**Brief:**
Pictures aside, write out the data exactly as it reads.

**Given material:**
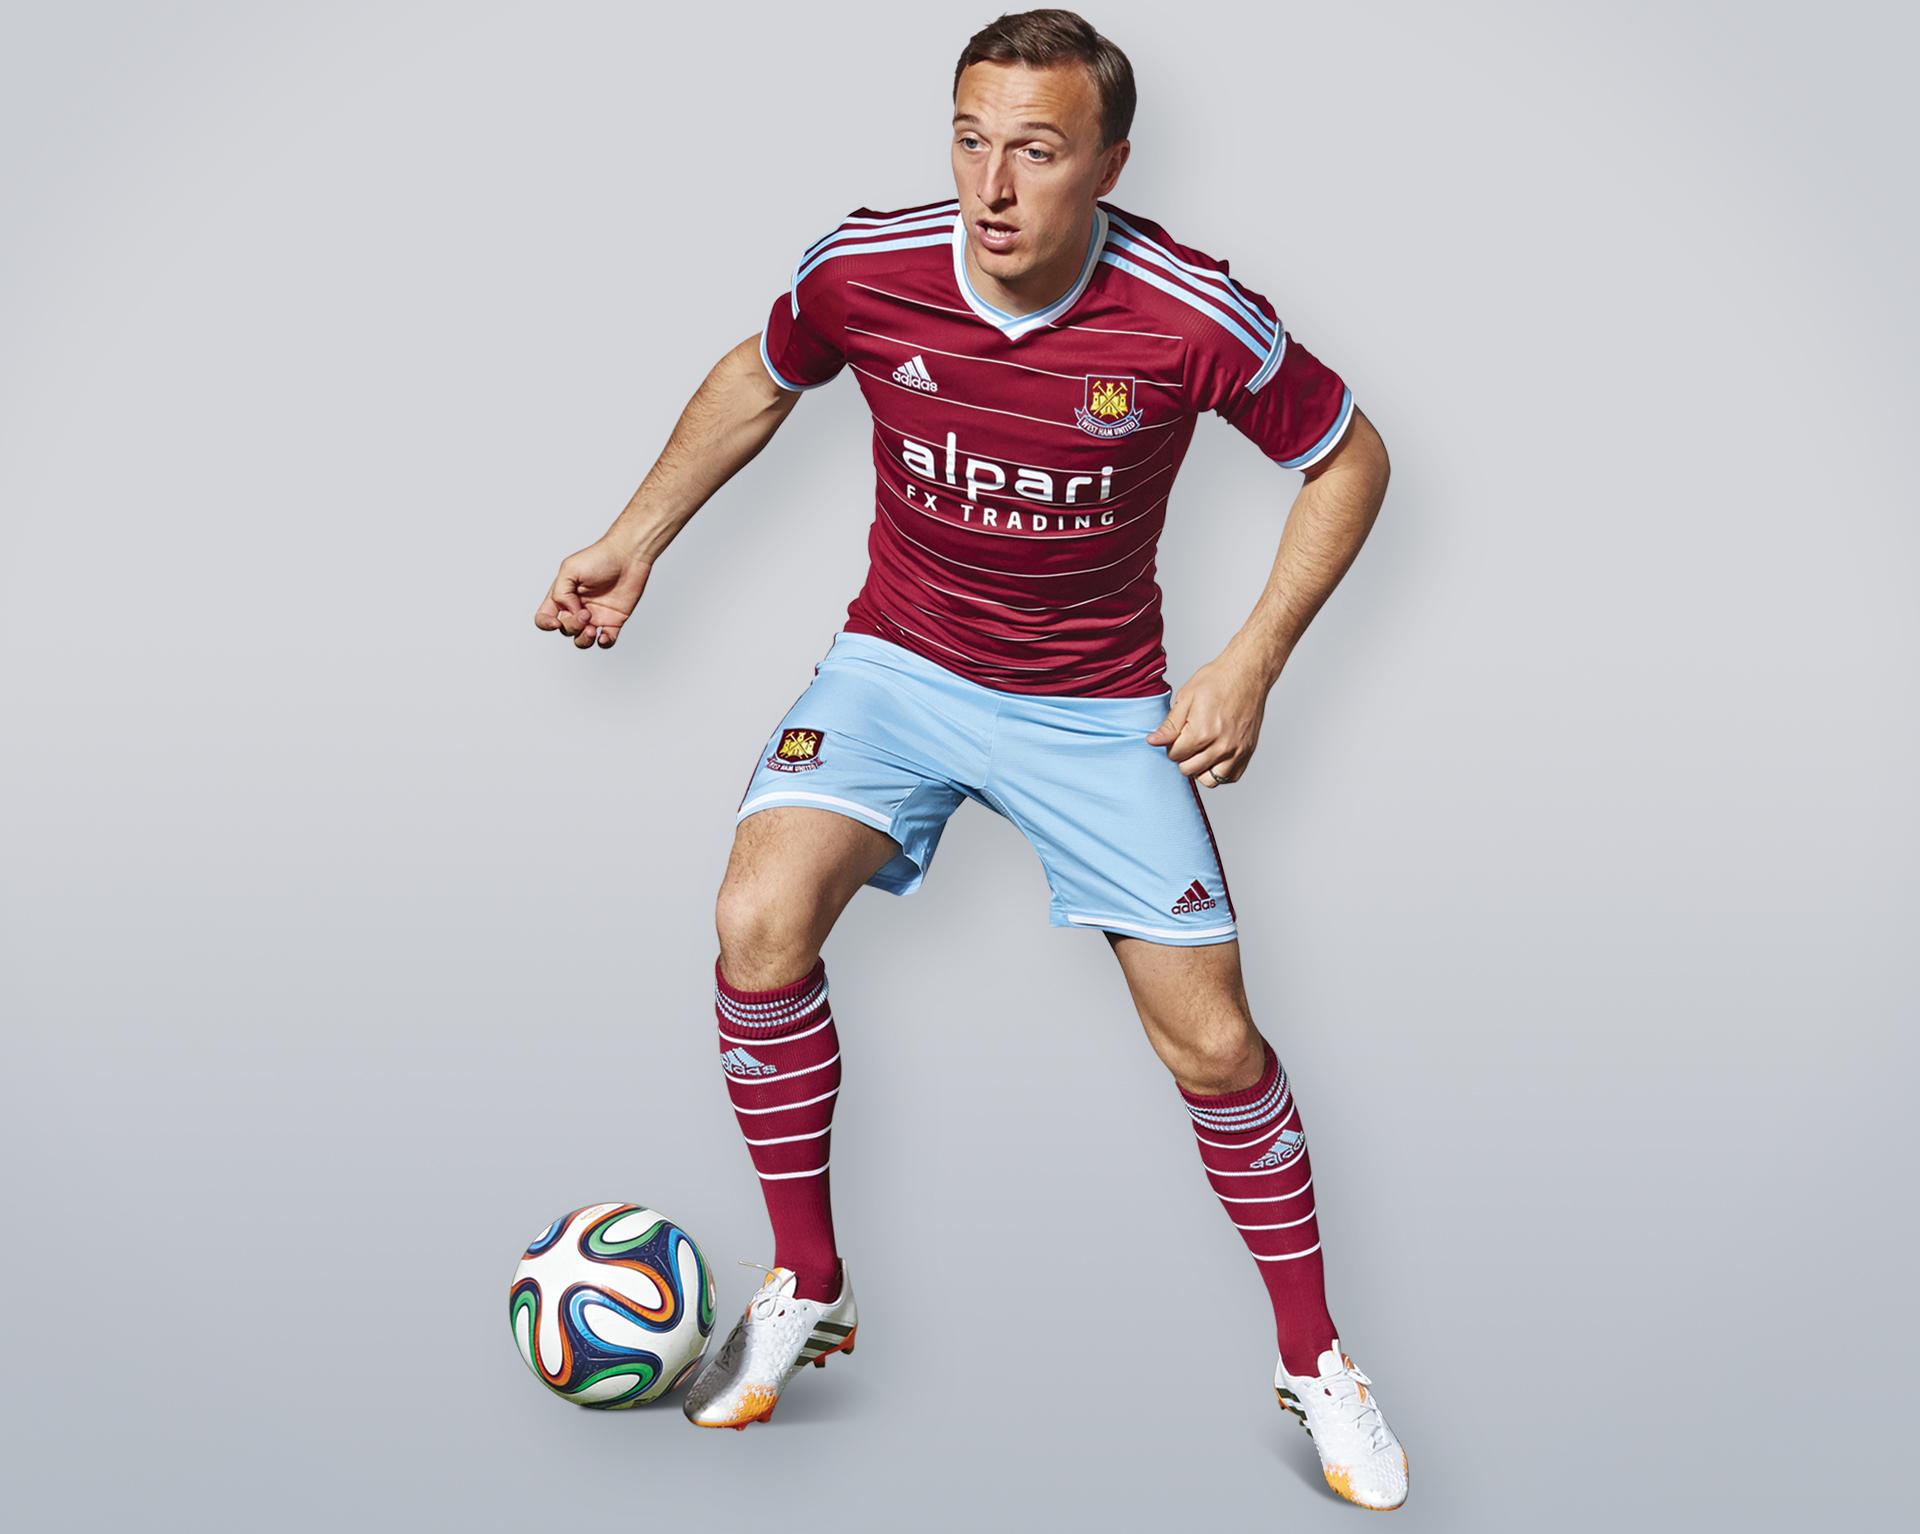 Brochure Coöperatie ontvangen West Ham United on Twitter: "HOME KIT: The new @adidasuk 2014/15 home kit  is now on sale from http://t.co/ZdSleckNgu #COYI #WHUFC  http://t.co/f57VQJM0Wi" / Twitter
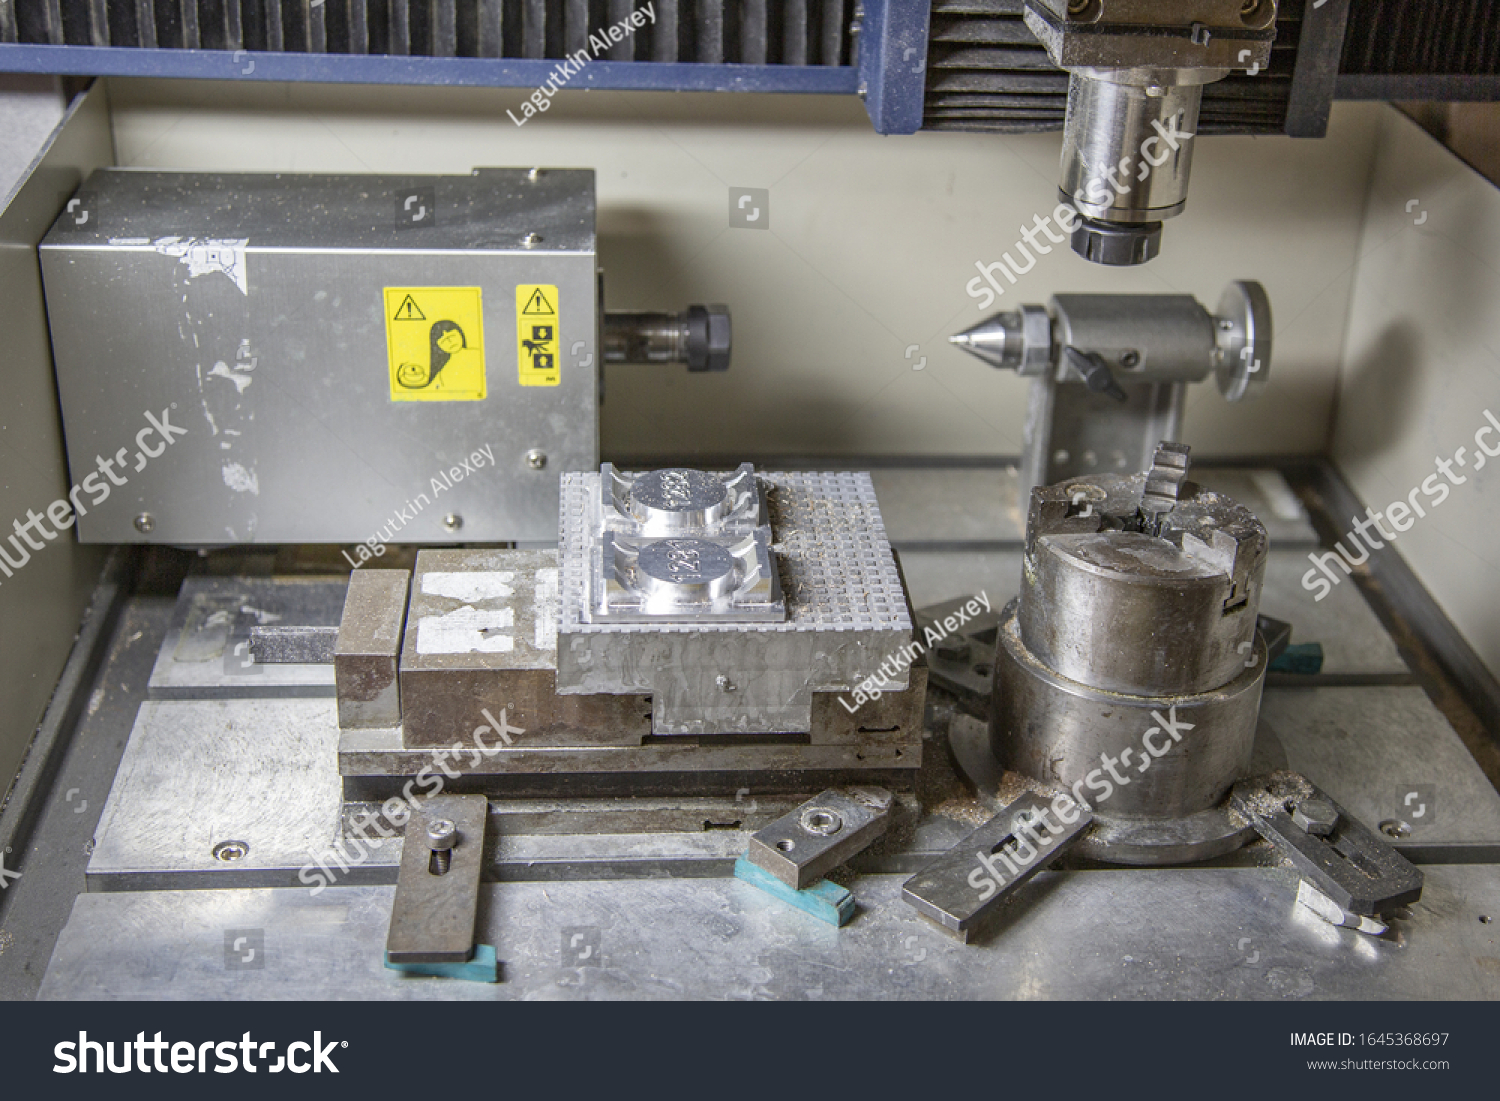 stock-photo-moscow-russia-february-industrial-workshop-of-the-watch-factory-nika-manufacture-of-1645368697.jpg
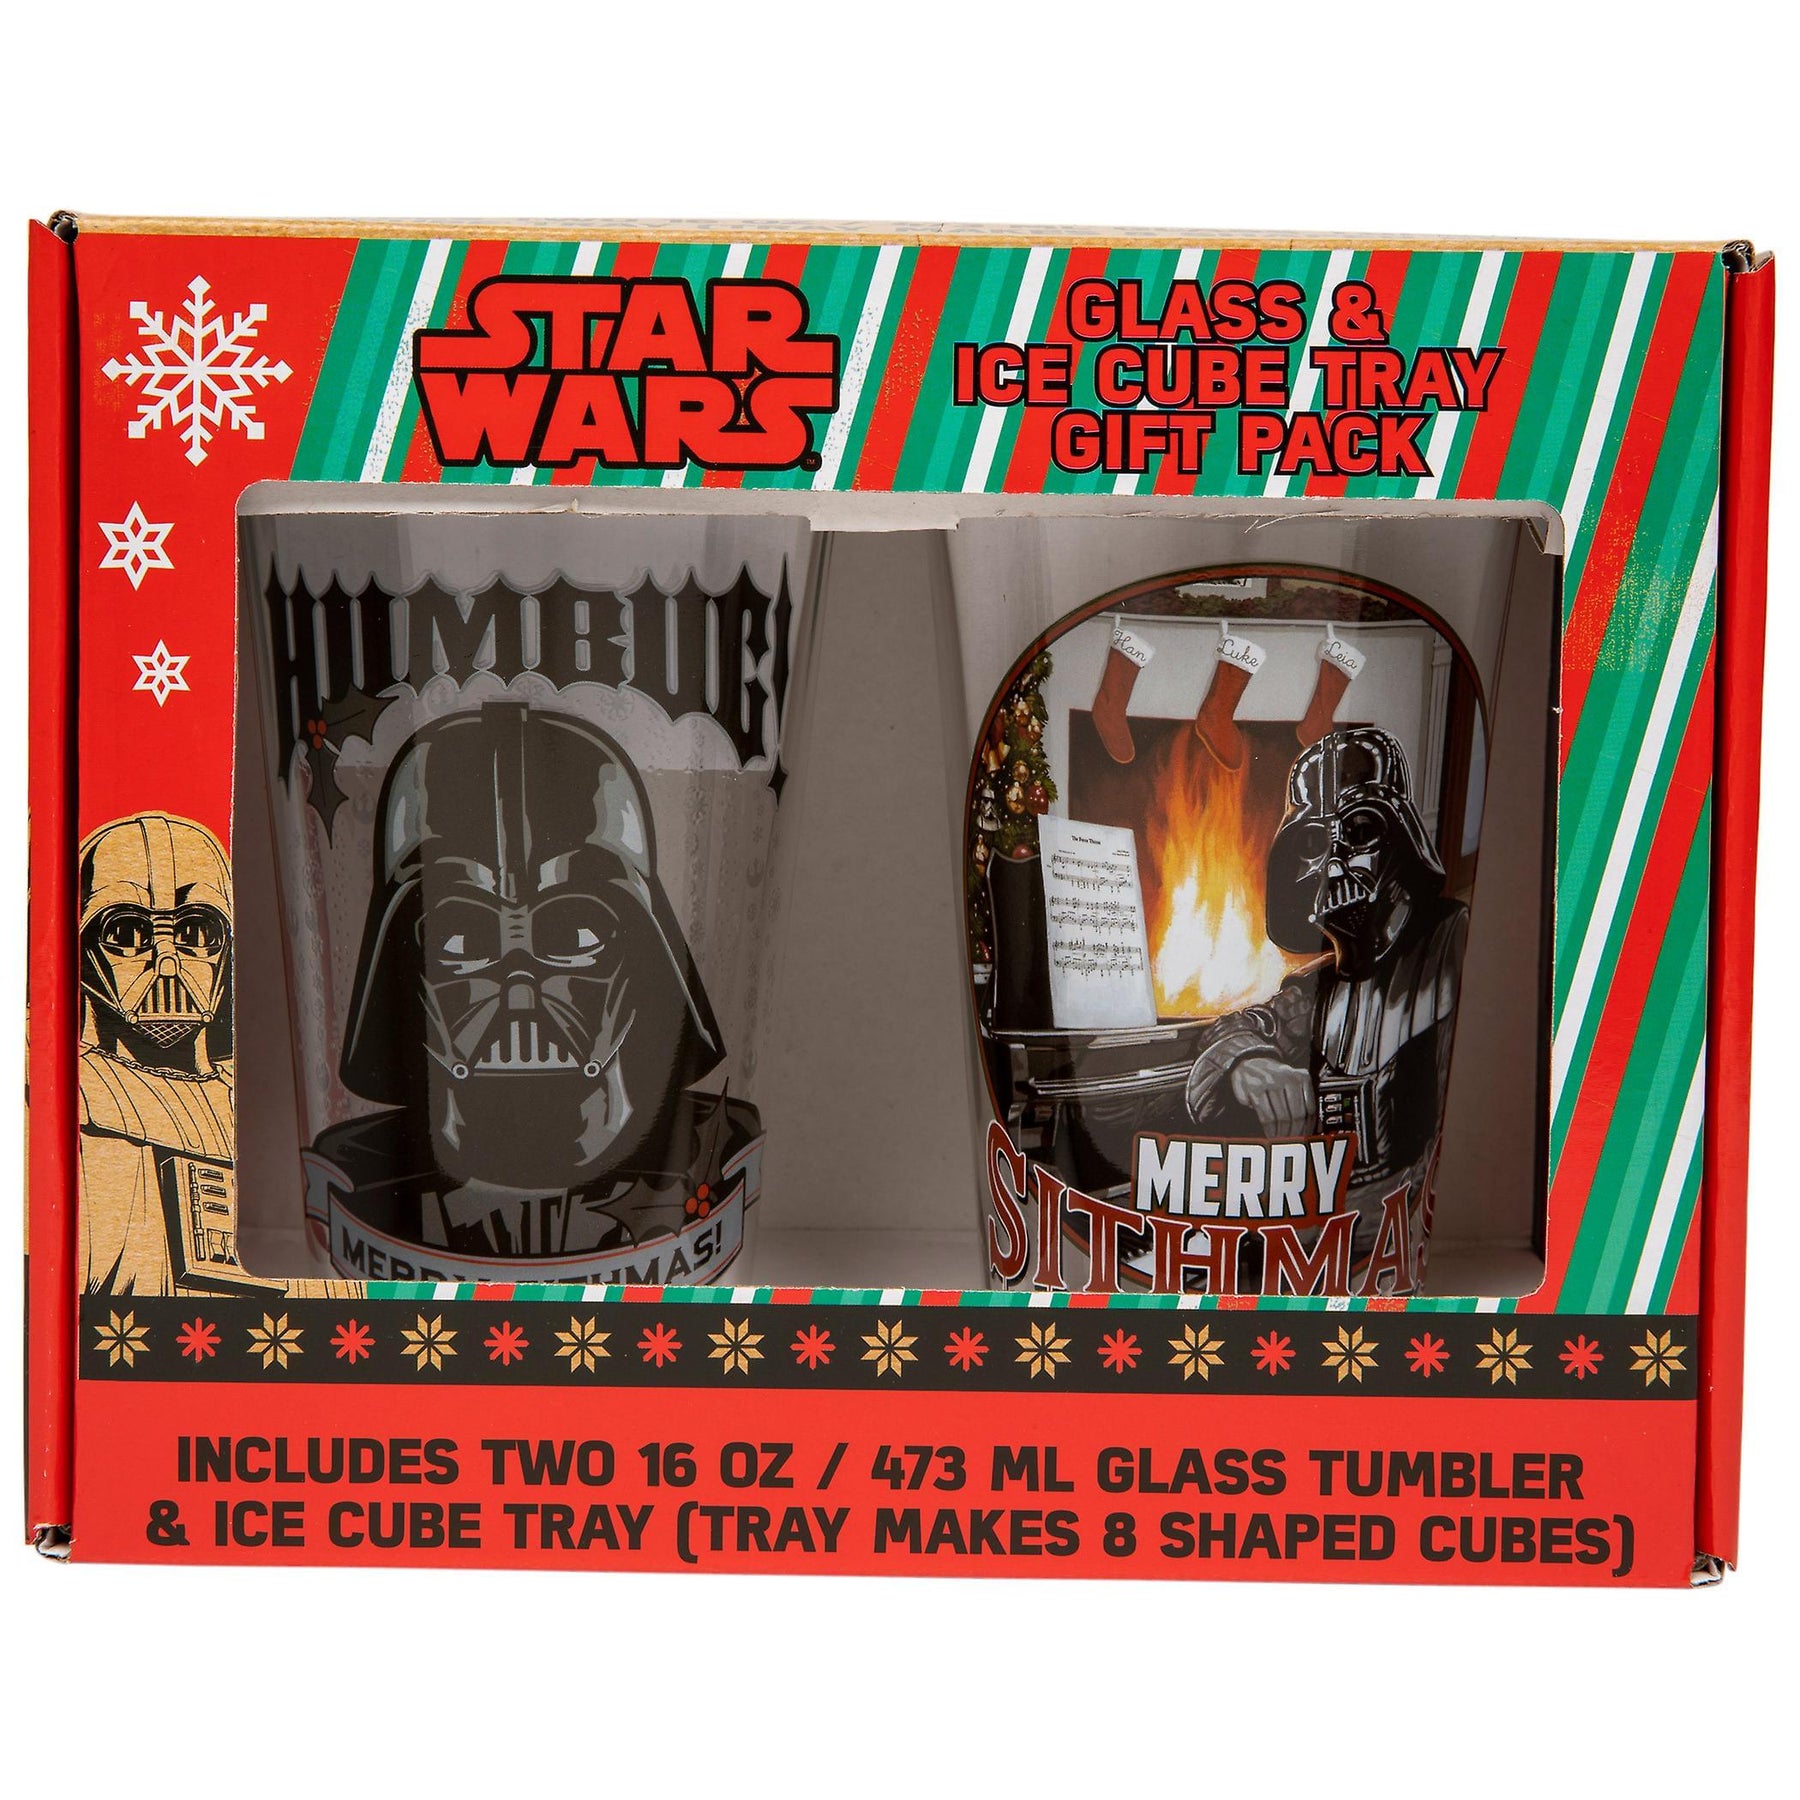 Star Wars Darth Vader Holiday Pint Glass Gift Set With Ice Cube Tray

**Solution to this problem:**
 Brochure Coöperatie ontvangen West Ham United on Twitter: "HOME KIT: The new @adidasuk 2014/15 home kit  is now on sale from http://t.co/ZdSleckNgu #COYI #WHUFC  http://t.co/f57VQJM0Wi" / Twitter
 stock-photo-moscow-russia-february-industrial-workshop-of-the-watch-factory-nika-manufacture-of-1645368697.jpg
 Star Wars Darth Vader Holiday Pint Glass Gift Set With Ice Cube Tray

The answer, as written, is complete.